Henri Weber, ex-trotskysta emigrado para o PSF, lembra num livro de memórias recente  a resposta  despreocupada de Miterrand quando lhe referiram com preocupação o grande número de trotskystas debandados da Liga Comunista Internacionalista que entraram no Partido Socialista, mesmo  nas suas instâncias dirigentes, Leonel Jospin e Moscovici, designadamente: “Os trotskistas têm a vantagem de serem bem organizados, bem estruturados intelectualmente.
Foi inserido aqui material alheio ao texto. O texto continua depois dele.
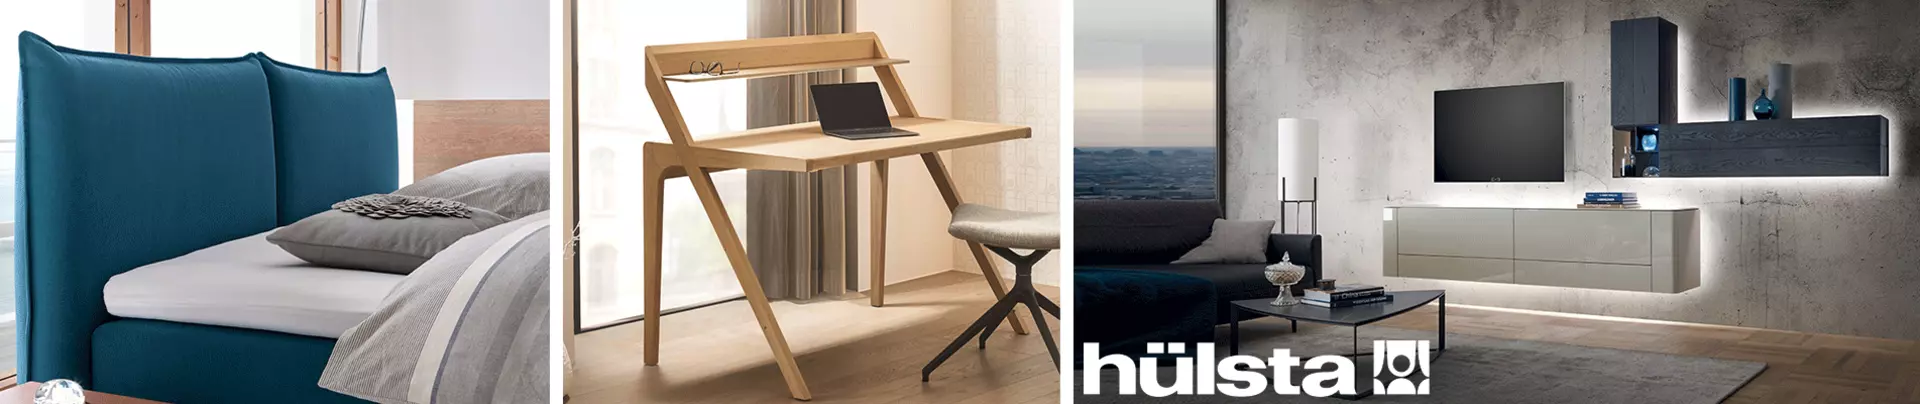 Hülsta - die Premium-Marke für exklusive Möbel mit Stil bei Möbel Inhofer
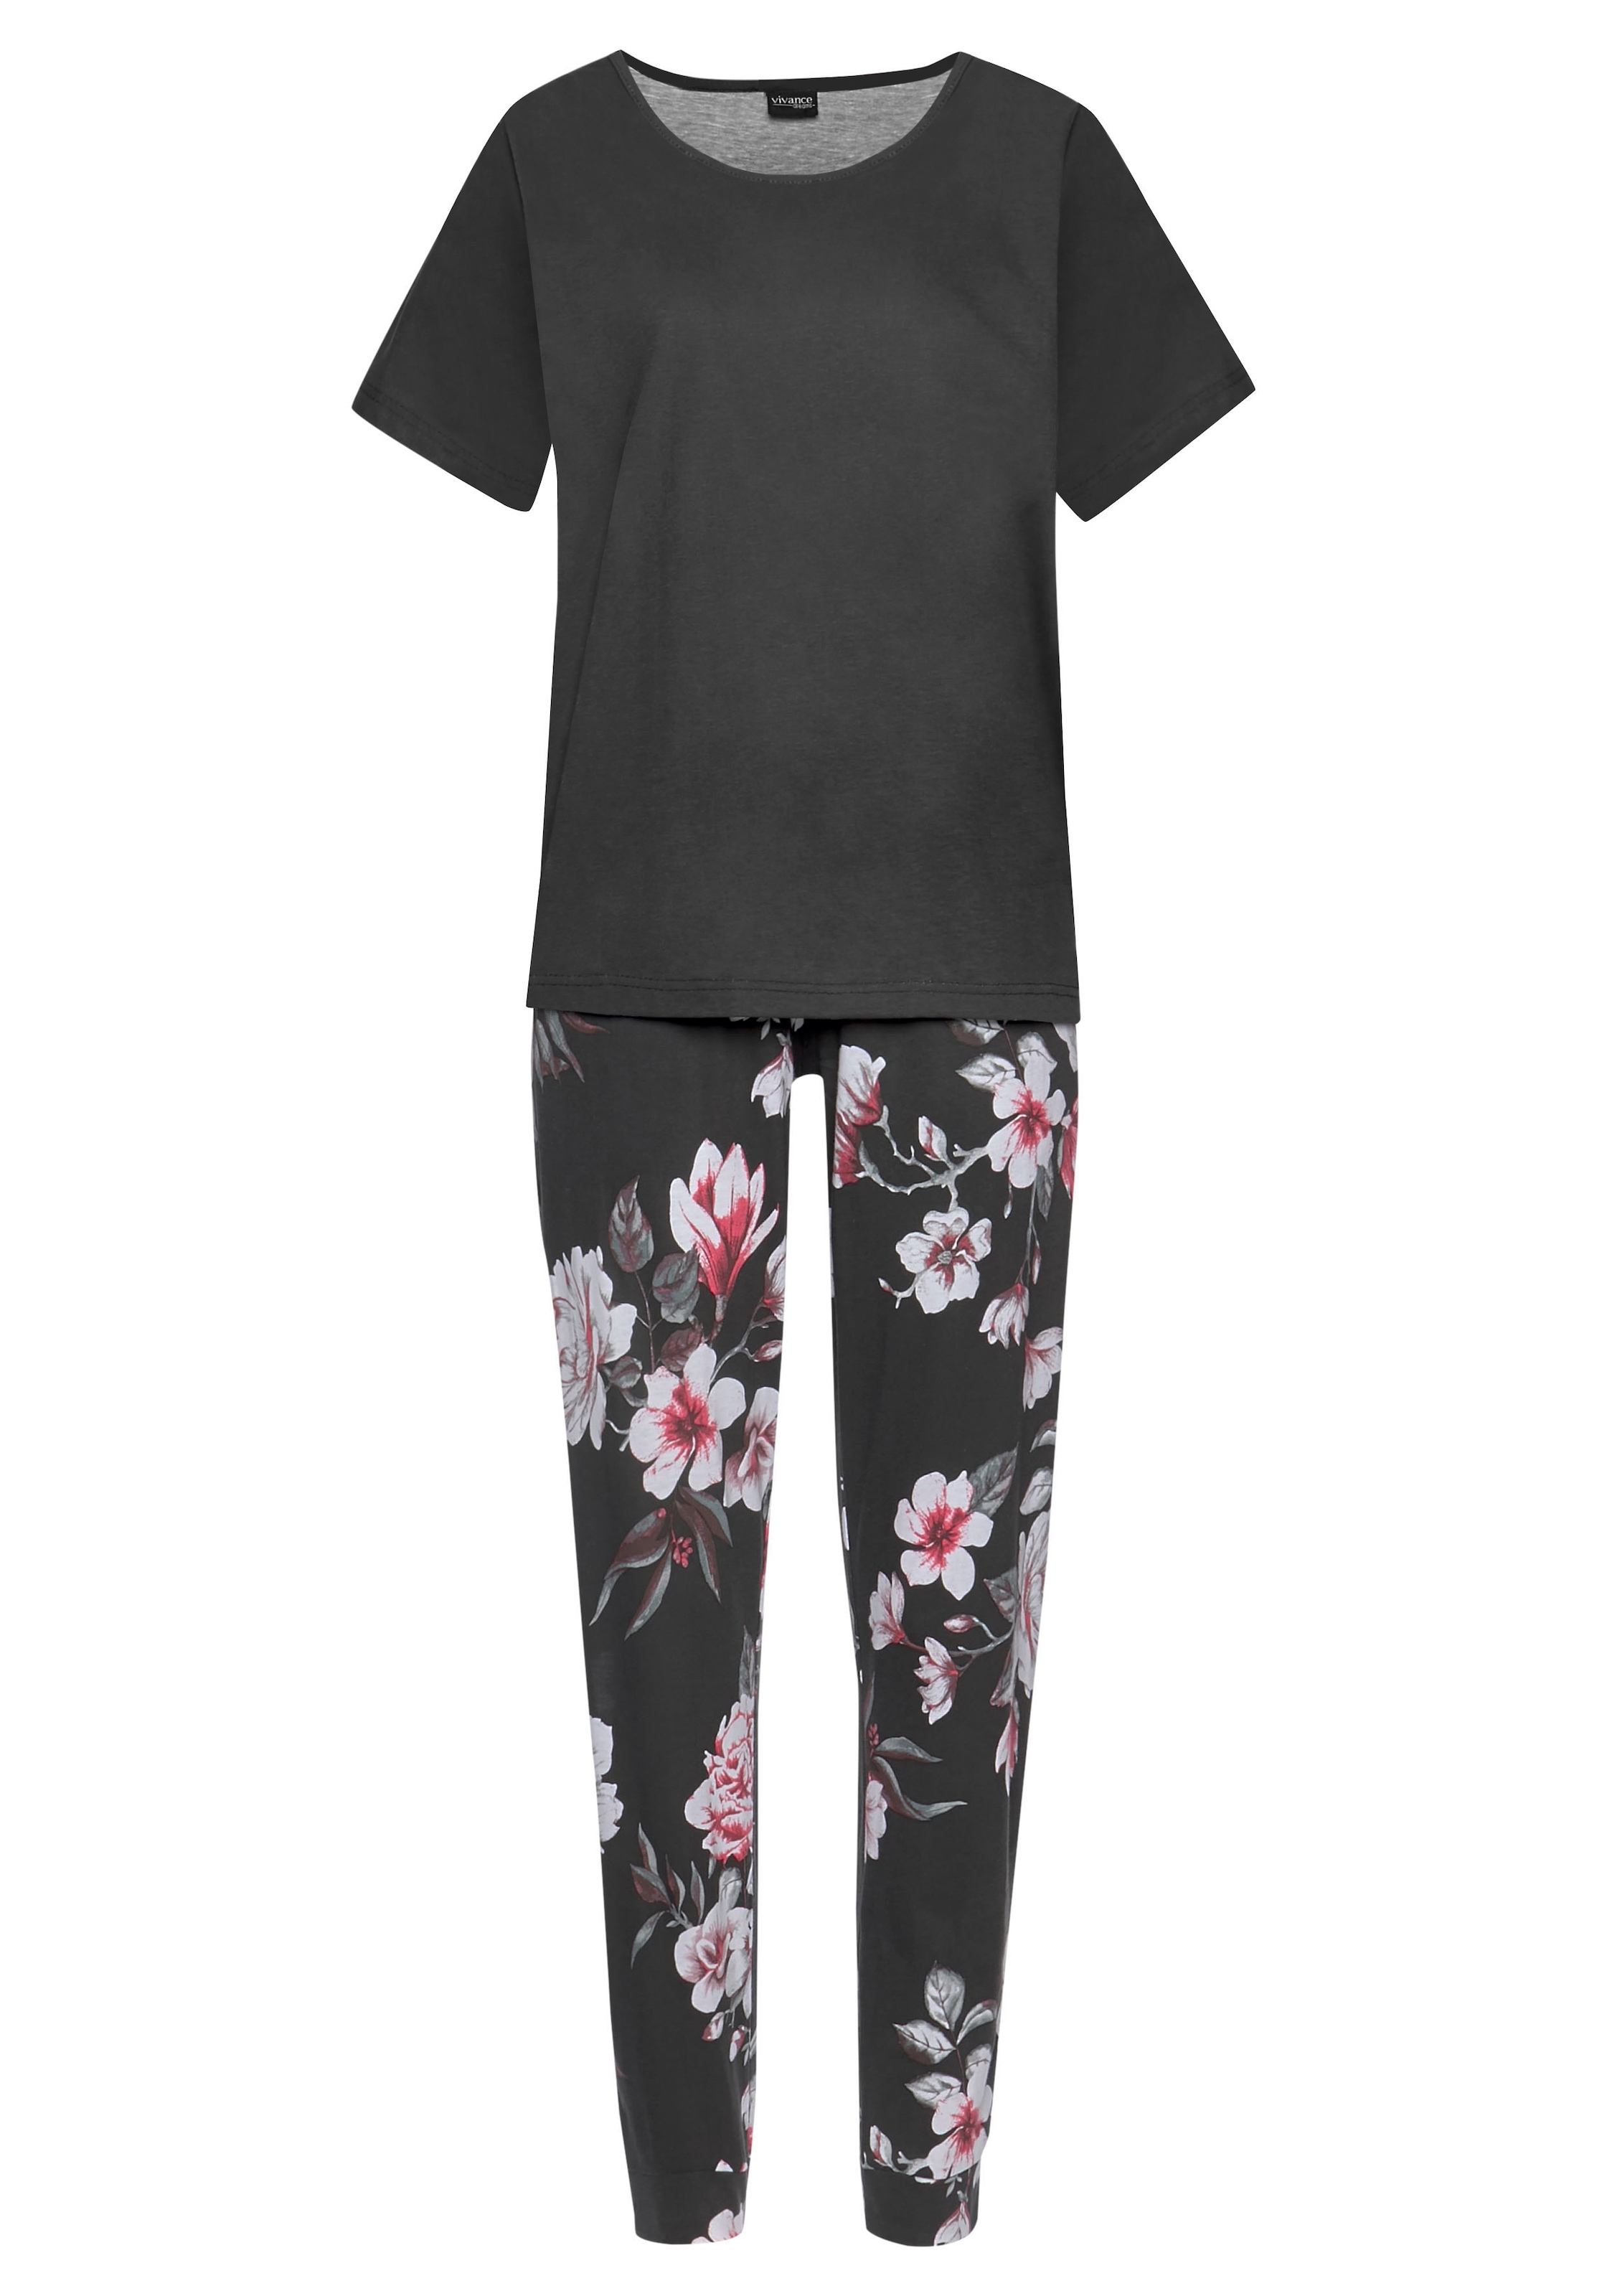 Vivance Dreams Pyjama, (4 tlg., 2 Stück), mit Blumendruck » LASCANA |  Bademode, Unterwäsche & Lingerie online kaufen

E a particularidade  interessante de gostarem e saberem malhar no PC.””Vêm  para converter os socialistas?  Acenem-lhes com  uma eleição para vencer e não resistem, logo verão  a diferença entre o que pensam e o que as pessoas pensam”.  Moralidade, conclui Weber, os trotskistas são excelentes social-democratas!

Acontece que o nosso BE trotskista tem vindo a cheirar o perfume inebriante do poder.

Mas de repente surge-lhes uma pedra no caminho: pim, PAN, PUM!  Pum se o PAN controlar por uns dias as suas excentricidades.

Se o Partido Socialista para ser Governo na próxima legislatura tivesse de fazer um qualquer acordo com o BE e o Partido Comunista, os próximos quatro anos seriam trágicos para o País. Particularmente com a crise internacional que aí vem.

Uma subida do PAN  na atracção dos votos de protesto e rejeição que encheram antes o BE e o encheriam ruidosa, irresponsável, perigosamente mais, será  caso, portanto, para citar  o verso de Holderlin: “Onde surge o perigo nasce  a  salvação”.

Ou assistiremos, surpresa saída da cartola, a um entendimento inesperado, de várias, nem todas inocentes,  conveniências?

*Chantal Mouffe, Un Populisme de gauche, Paris, 2018, edição portuguesa da. Gradiva, Abril de 2019.